Closed peci1 closed 1 year ago
Hi @peci1, and thanks for your interest in this library. Unfortunately, I'm not convinced that this change is an ideal solution here, since it is a Windows-specific change that would have unexpected side-effects for other platforms. Can you clarify what you mean by "Windows has a problem"? Perhaps that will allow us to find a different fix.
Windows does not allow colon in filenames and filepaths (there are more, see https://stackoverflow.com/a/31976060/1076564). On linux, colon is allowed, but has to be escaped when used in shell, which also causes inconvenience.
Thanks for clarifying that, @peci1. Makes sense. In this case, I'm leaning toward this solution:
Provide a .download_to(...)
method parameter, replace_colon
, which defaults to True
on Windows but False
on all other platforms. Users can set this parameter to any bool
or str
.
If replace_colon==True
, then colons are replaced by _
characters. If isinstance(replace_colon, str)
, then colons are replace by whatever that string is. If replace_colon==False
, then colons are kept as-is.
Provide similar options for the command-line tool, as --replace-colon
.
What do you think?
I should also note: Aside from the port number separate, colons might also appear in the filename or file path. So I think this replacement should be performed on the final path destination.

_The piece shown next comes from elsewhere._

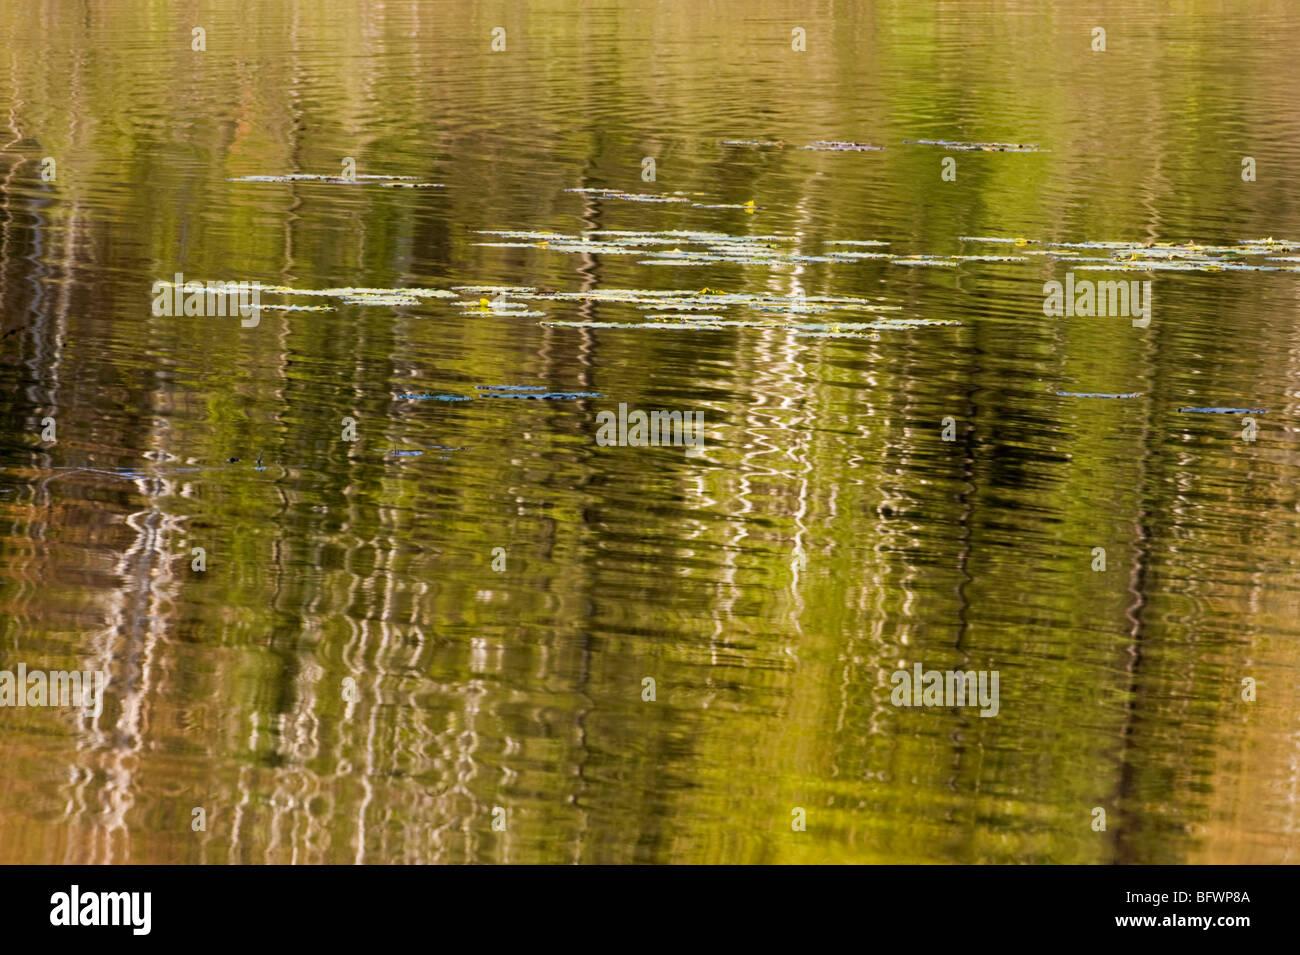 Birch tree reflections in beaverpond water, Greater Sudbury, Ontario, Canada Stock Photo

I'm not sure it makes sense to allow False on Windows. The generated filename will be invalid. And what about the other forbidden characters?
I'm not sure it makes sense to allow False on Windows.
If you were particularly concerned about False
on Windows (which someone would have to intentionally/explicitly set, which seems unlikely), then you could add a ValueError
exception in those scenarios.
And what about the other forbidden characters?
It's a good question. Do you have a list of those? If they are impossible to anticipate, or too variable by platform, I suppose another approach would be to let the user define a regular expression, whitelist, or blacklist of characters that they wanted to treat differently.
If you were particularly concerned about
False
on Windows (which someone would have to intentionally/explicitly set, which seems unlikely), then you could add aValueError
exception in those scenarios.
Sounds good.
Do you have a list of those?
It's in the SO answer I linked. On Windows, it is 9 printable ASCII chars + all non-printable ASCII chars. On Linux, the only forbidden character in file/directory name is forward slash. So that's not a problem. On Windows, it is more complicated as there are (according to the SO answer) filenames that are forbidden although composed only of allowed characters (i.e. filenames cannot end with a space or dot, or there are some reserved filenames like COM1).
My view is that this library does not necessarily need to go very deep into the complications of OS file naming rules. But picking up the simple rules (forbidden characters) chould cover 99% of all cases, which is a good ratio to me.
What about creating a static list of forbidden characters that would be filled according to the platform, and adding parameter forbidden_chars_replacement
(do you have a better name?) with default value of _
? On Linux, the list of forbidden chars would be empty, so no names would be mangled. On Windows, the default behavior would create valid filenames out of the box, while keeping the option to specify the substitution character.
It's in the SO answer I linked.
Thanks, and my apologies; I should have looked there first.
My view is that this library does not necessarily need to go very deep into the complications of OS file naming rules. But picking up the simple rules (forbidden characters) chould cover 99% of all cases, which is a good ratio to me.
That makes sense to me.
What about creating a static list of forbidden characters that would be filled according to the platform, and adding parameter
forbidden_chars_replacement
(do you have a better name?) with default value of_
?
That seems reasonable. Maybe fallback_char
or replacement_char
?
What do you think about adding a param, chars_to_replace
, that lets the user adjust this list? Or over-engineering for this particular situation?
Thanks, I've updated the PR with the new ideas. I think configurability of the invalid chars is over-engineering.
I also only added the fallback_char
parameter to the download function. I'd leave its propagation up to the CLI on you as I don't know the structure of the program as well...
I would not apply replace_invalid_chars
to the final constructed filepath
as that can already contain a colon on Windows (C:\file
).
Thank you, @peci1! I haven't forgotten about this; just been busy and want to give it a careful read-through.
The URL netloc part can contain port number, e.g.
doma.in:80
. When this is translated into filesystem path, Windows has a problem. Replacing the colon with underscore resolves it.